All the same, many of us have glimpsed the possibilities. The impromptu game on a train with an utter non-gamer. The clique of punks in my high school who ran a wild mishmash of Runequest and D&D. And the Eden myth is somewhat true - earlier versions of the rules are more friendly to non-geek play. This is not because the rules themselves were readable and playable by the average person – quite the opposite! Rather, it’s because they invested most of the rules knowledge in the referee.
The approach up through AD&D was to give the DM authority and keep as much of the rules secret as possible. The DM Guide was supposed to be a secret from the players, the attack and saving throw matrices locked away inside its covers and behind the sacred screen. Skill use was entirely the province of the DM.
This meant that players could take a naive, analog approach to the game. With no rules knowledge at all, they could proceed by just saying, “I do this, does it work?” More to the point, they didn’t need to be confronted with a wall of stats and procedures. It’s not that they had no agency; it’s that their agency was completely in-character.
And then the nerds ruined it for everyone else; the way that, buying cases of cards at a time, they destroyed Richard Garfield’s vision for Magic: The Gathering as an ever-unfolding surprise. The nerds had to know what they needed to hit armor class zero; they had to have clearly defined skill procedures; eventually, they had to have feats and powers to feel special. As character options< became more complex, optimized builds became a focus and obsession. Instead of the wall of nerd elitism stopping at the DM screen, it grew to enfold the whole playgroup.
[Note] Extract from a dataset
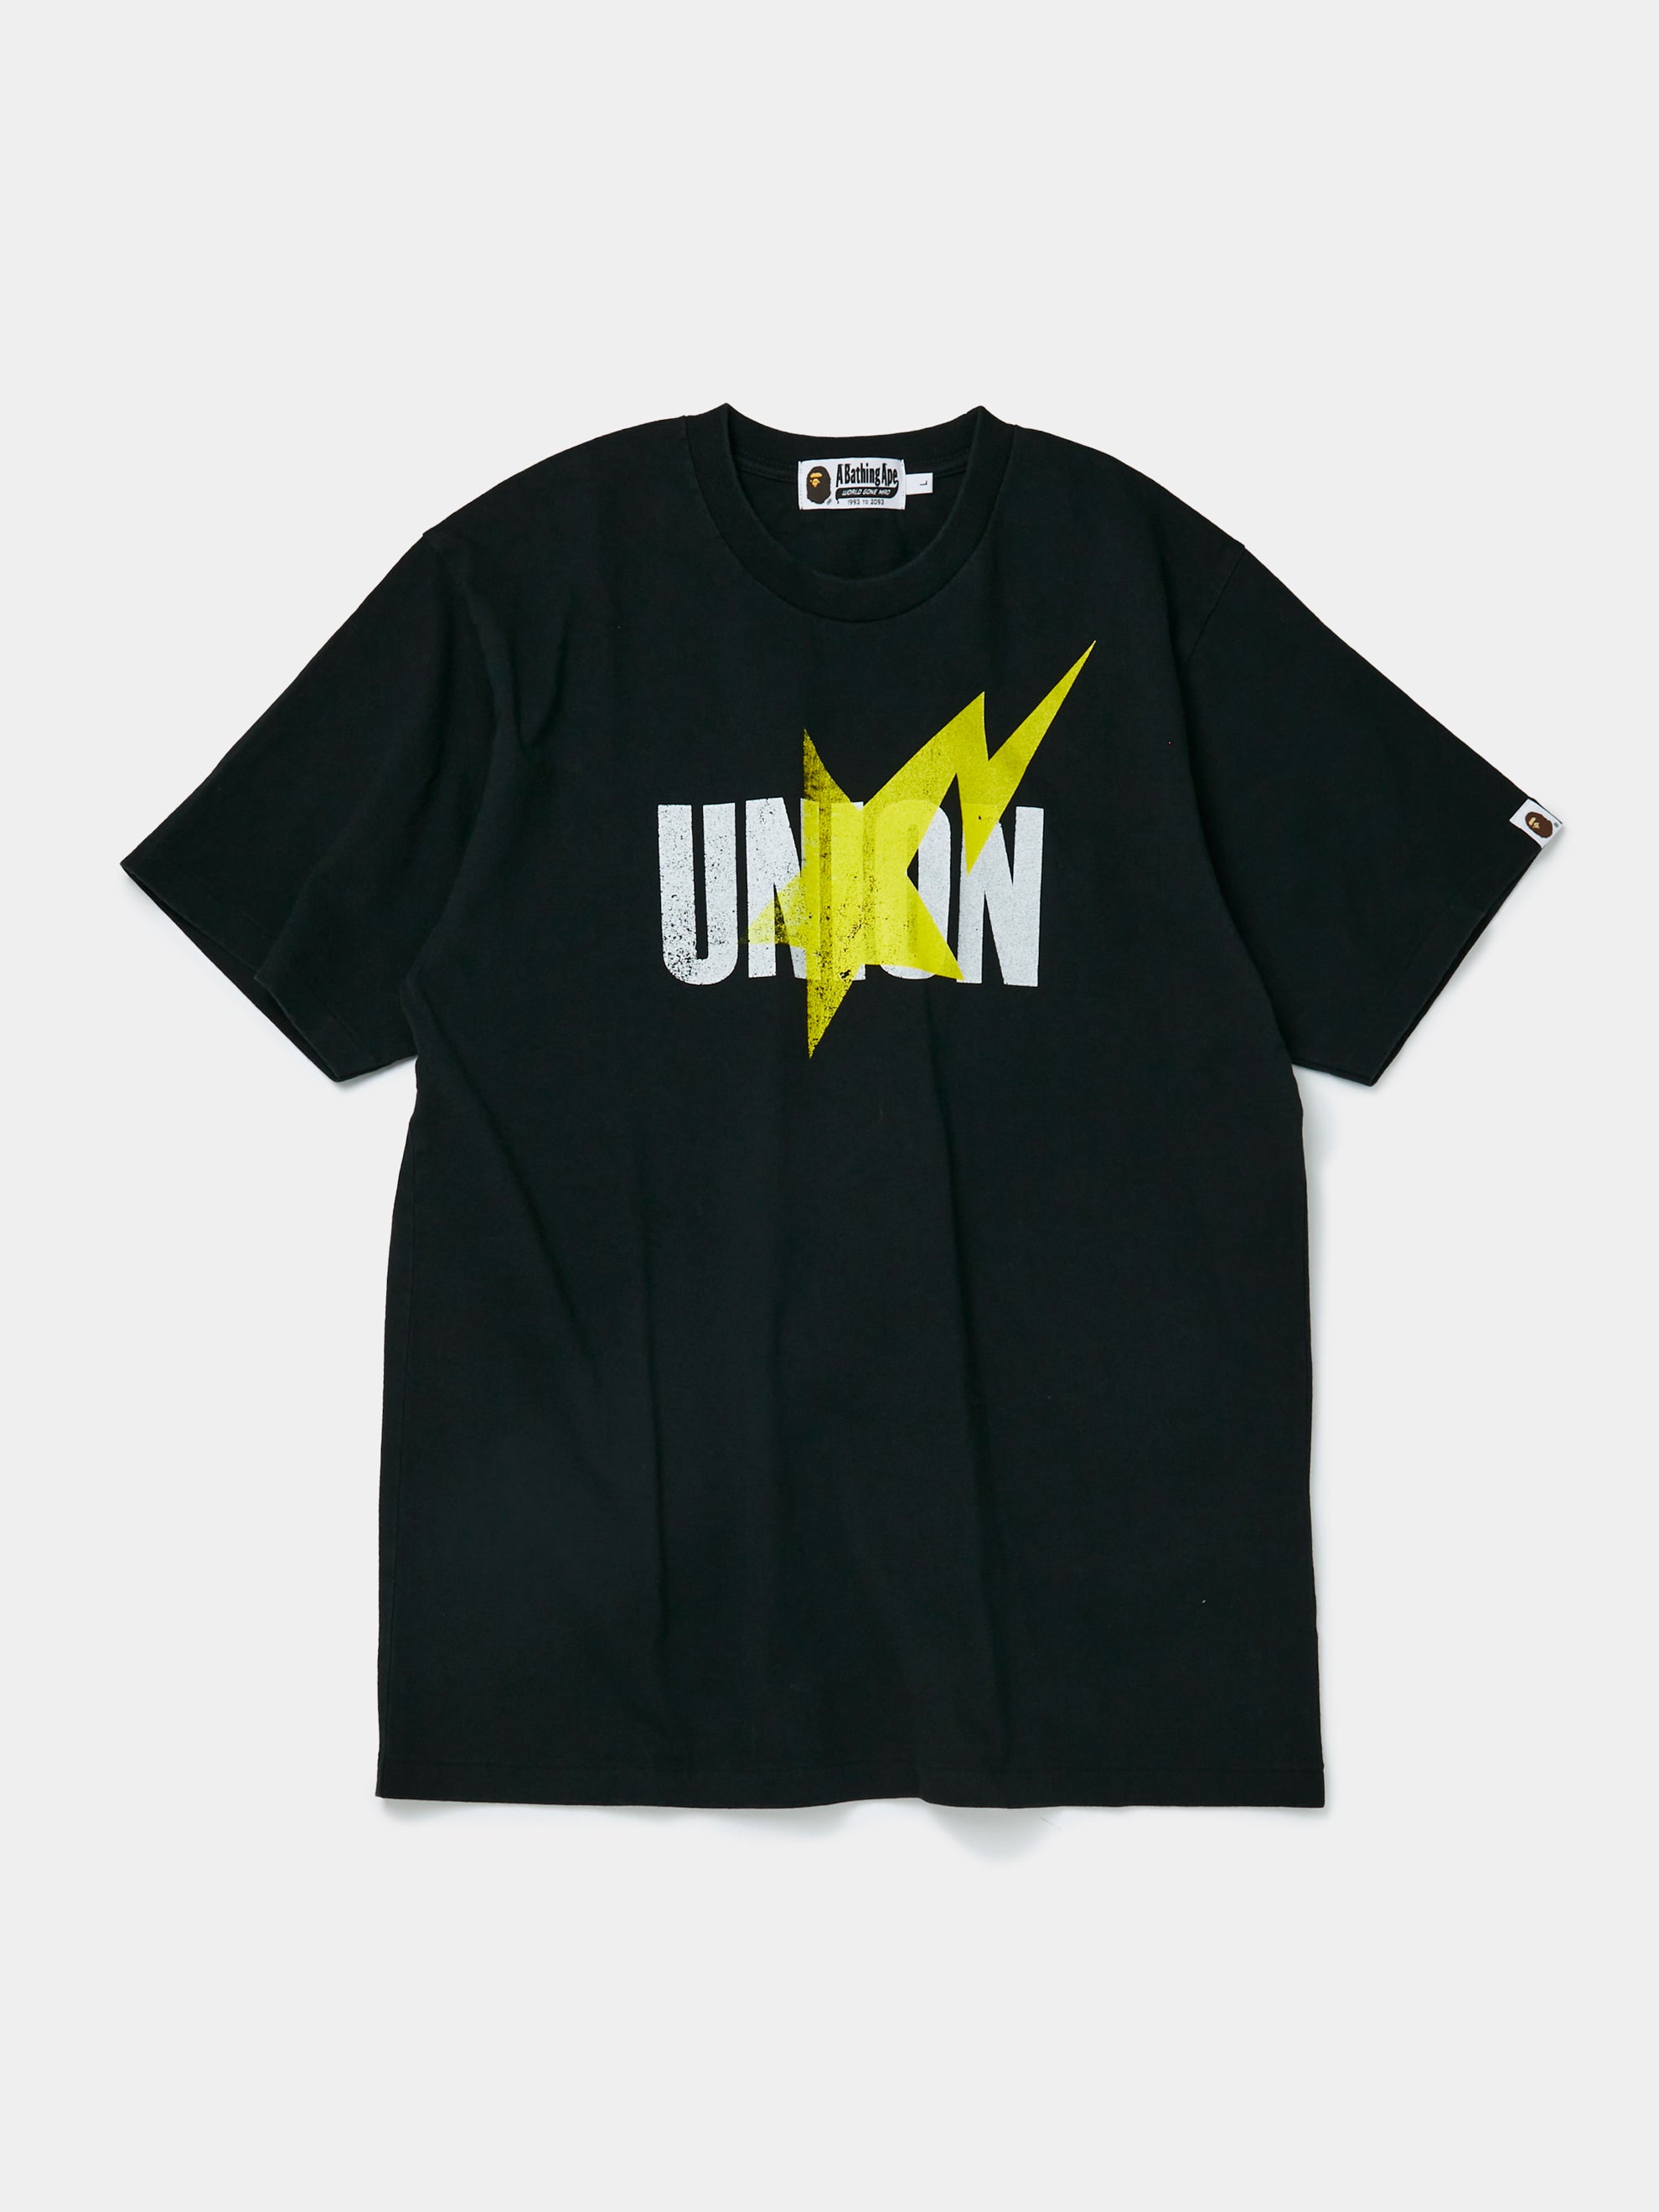 BAPE x UNION Sta T-Shirt (Black)

So D&D stopped being a one-nerd game and started being a multi-nerd game. Rule systems that put everything up front, no matter how simple, miss this point. To get non-nerd players into the game, you don’t need to increase their sense of understanding or control over the rules. In fact, you want them to ignore the rules and trust the referee. And that’s something you can’t buy in a store – a DM who is socially skilled, deeply knowledgeable, and trustworthy.